Denn enzyklopädisch abgearbeitete "Standards" kann ich nun wirklich
nicht mehr hören, auch wenn sie von Kapazitäten wie Keith Jarrett
vorgetragen werden.

Aber dann leider: Das Schlagzeug ist eine Zumutung. Wenn der
Leitwolf sich minutenlang in ostinatem Geklimper ergeht, dann ist
seine Zeit gekommen! Aber nein, er hört den Schuß nicht, er kloppt
weiter seinen einfachen Rhythmus. Was bleibt ist ostinates Geklimper.

Es wird eher keine weitere für mich geben.

na endlich live (4. Januar 2008)

und zudem noch ziemlich gut. Verschiedene Elemente und Stimmungen fügen sich hier wie die drei Musiker zu etwas unmittelbaren und einmaligem zusammen. Sehr viele Stellen erzeugen ein "wunderschön" nur wenige ein "soll ich vorspulen". Der Applaus ist zu lang. Doch das Album steht kurz vor der Himmelspforte, da kann man über diese Punkte hinwegsehen.

Diese Aufnahme packt - und lässt nicht mehr los! (1. Januar 2008)

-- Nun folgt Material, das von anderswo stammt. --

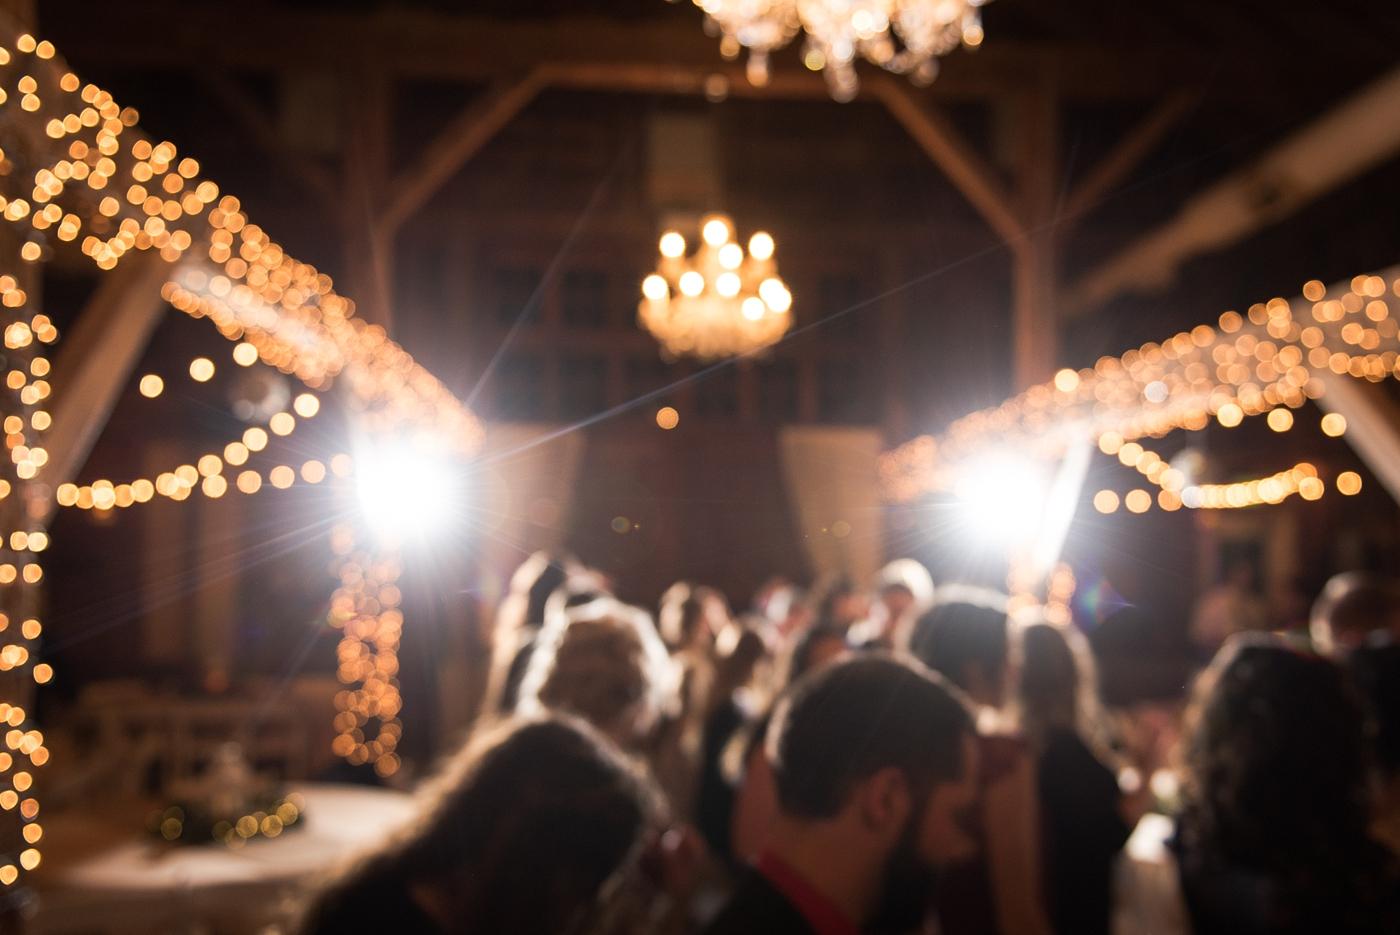 indianapolis-top-rated-wedding-photographers_0476.jpg

Besser kann eine Live-Jazz-Platte nicht sein. Was Esbjörn Svensson und seine beiden Mitstreiter hier bieten ist für mich zusammen mit dem 2001er-Konzert von Keith Jarrett und seinen Mannen in Montreux schlicht das Beste, was 2007 im Jazz veröffentlicht wurde. Eigentlich sogar besser als Jarrett und Co.!
Jedes Stück entwickelt in sich einen unwiderstehlichen Sog - und dieser steigert sich auf CD2 dann über alle Songs hinweg schier ins Unermessliche. Nur schon alleine der Übergang von der Traum-Ballade "Sipping On The Solid Ground" zum unglaublich powervollen Groove von "Goldwrap" - allererste Güteklasse! Das ist spannend, faszinierend, hypnotisch, magisch - was muss eine solche Konzertaufnahme noch mehr bieten? Der frenetische Applaus des Hamburger Publikums spricht ebenfalls eine deutliche Sprache.

Übertroffene Erwartungen (30. Dezember 2007)

Bisher hatte ich ein gespaltenes Verhältnis zu Jazz...m.E. meist nervige Musik, die den Kopf nicht abschalten lässt - doch eine Rezension in der ZEIT ließ mich aufhorchen und ich erwarb e.s.t.live in HH.
Eine vielseitige und spannende CD, die mein Jazz-Klischee nachhaltig entkräftet hat, tolle Stimmung und ein wirklicher Hörgenuss.
Einfach Augen schließen und live dabei sein - großartig!